Labour considers automatic voter registration to add millions to electoral roll

All British adults could be automatically registered to vote under radical plans being considered by Jeremy Corbyn‘s Labour Party. 

The move could see around seven million voters being added to the electoral register, with huge numbers of young and low income individuals automatically enrolled for the first time.

Mr Corbyn’s party believes the current system of individual registration has so far failed to give a voice to huge swathes of the UK public, and Labour will now examine various models around the world.

According to the most up-to-date analysis by the Electoral Commission, between 7.6 and 8.3 million eligible people were not correctly registered to vote across Great Britain in 2015, including one in three under the age of 34.

Coinciding with today’s voter registration deadline for next month’s local elections, Labour told The Independent it is considering adopting automatic voter registration as party policy. 

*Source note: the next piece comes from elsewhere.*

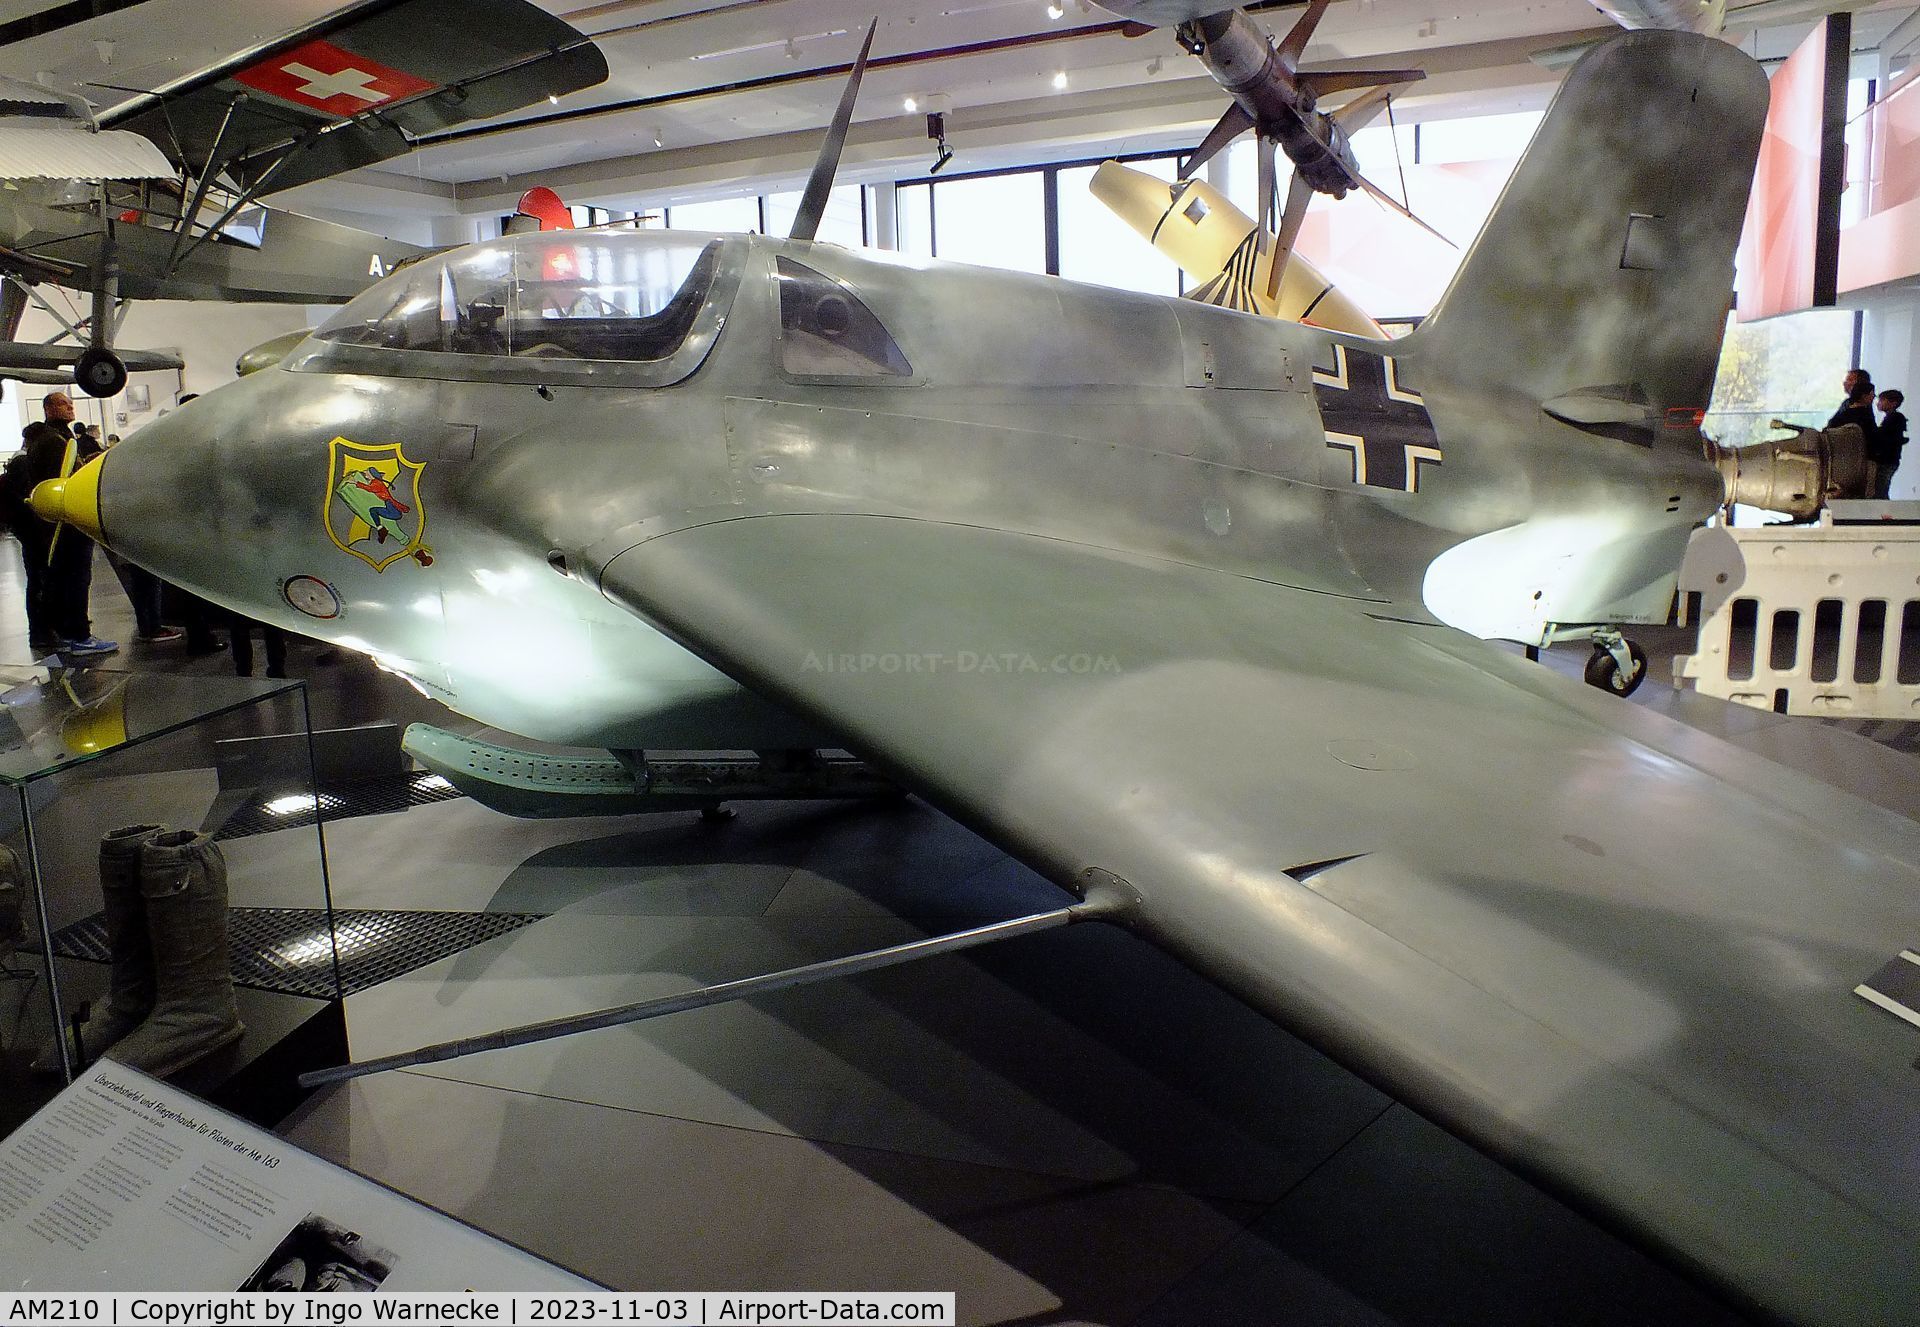 AM210, Messerschmitt Me-163B-1A Komet C/N 20370, Messerschmitt Me 163B-1A Komet at Deutsches Museum, München (Munich)

During the 2017 general election campaign, the commission estimated that over 220,000 individuals applied to register after the deadline, and returning officers reported 10,500 people attempted to vote despite not being registered.

Cat Smith, the shadow minister for voter engagement and youth affairs, said that the Individual Electoral Registration (IEA) system “had not achieved what we were told it would”.

The IEA system replaced the old registration scheme in 2014 and placed the onus on individuals, rather than one person in every household, to register online.

Ms Smith added: “Millions of people are still missing from the register, with disproportionately low levels of registration amongst mobile, marginalised and vulnerable voter groups.

“There are many successful examples around the world of automatic voter registration systems, so we are examining the use of government data to automatically place people on the electoral roll.

“We are committed to drastically increasing voter registration to ensure every eligible voter can have their say.”

Labour said it will now examine using government data to automatically place people on the electoral register, including when people are issued with a national insurance number, or information available from the Driver and Vehicle Licensing Agency (DVLA) database.

As it considers the policy, the party added it will also investigate similar systems implemented around the world, including those in Canada, Denmark and Germany. 

The National Register of Electors in Canada was set up in 1997 and nearly 94 per cent of all eligible voters are included on the register, which includes an opt-out system.